The whole human race is in Adam "as one body of one man". By this "unity of the human
race" all men are implicated in Adam's sin, as all are implicated in Christ's justice. Still, the
transmission of original sin is a mystery that we cannot fully understand. But we do know by
Revelation that Adam had received original holiness and justice not for himself alone, but for all
human nature. By yielding to the tempter, Adam and Eve committed a personal sin, but this sin
affected the human nature that they would then transmit in a fallen state. It is a sin which will be
transmitted by propagation to all mankind, that is, by the transmission of a human nature deprived
of original holiness and justice. And that is why original sin is called "sin" only in an analogical
sense: it is a sin "contracted" and not "committed" - a state and not an act.
Although it is proper to each individual, original sin does not have the character of a
personal fault in any of Adam's descendants. It is a deprivation of original holiness and justice, but
human nature has not been totally corrupted: it is wounded in the natural powers proper to it,
subject to ignorance, suffering and the dominion of death, and inclined to sin - an inclination to
evil that is called concupiscence". Baptism, by imparting the life of Christ's grace, erases original
sin and turns a man back towards God, but the consequences for nature, weakened and inclined to
evil, persist in man and summon him to spiritual battle.
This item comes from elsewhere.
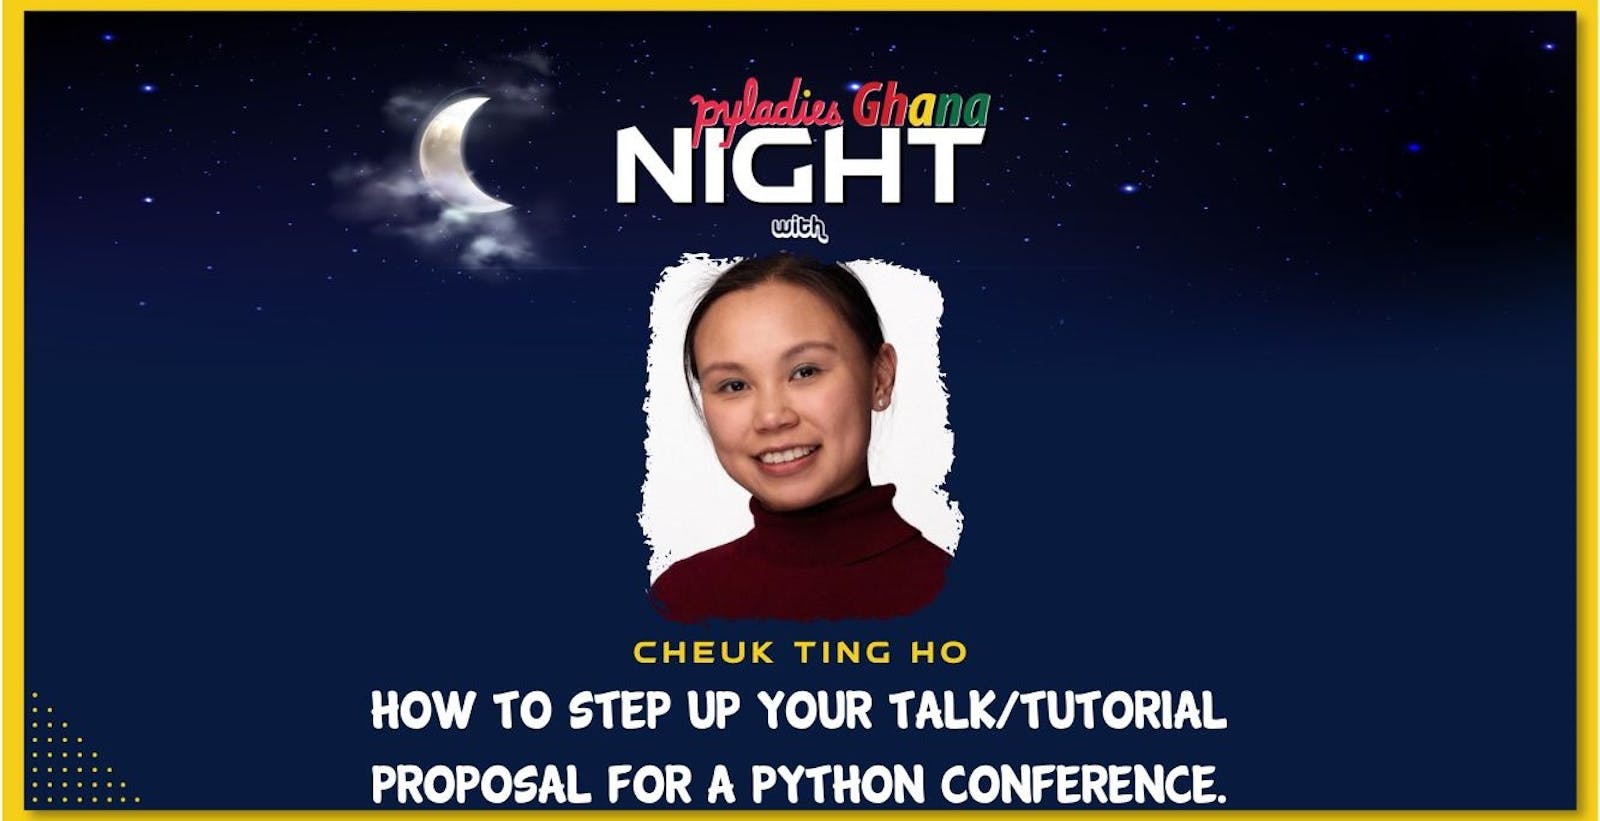 How to set up your talk or tutorial proposal for a Python conference

The Church's teaching on the transmission of original sin was articulated more precisely in
the fifth century, especially under the impulse of St. Augustine's reflections against Pelagianism,
and in the sixteenth century, in opposition to the Protestant Reformation. Pelagius held that man
could, by the natural power of free will and without the necessary help of God's grace, lead a
morally good life; he thus reduced the influence of Adam's fault to bad example.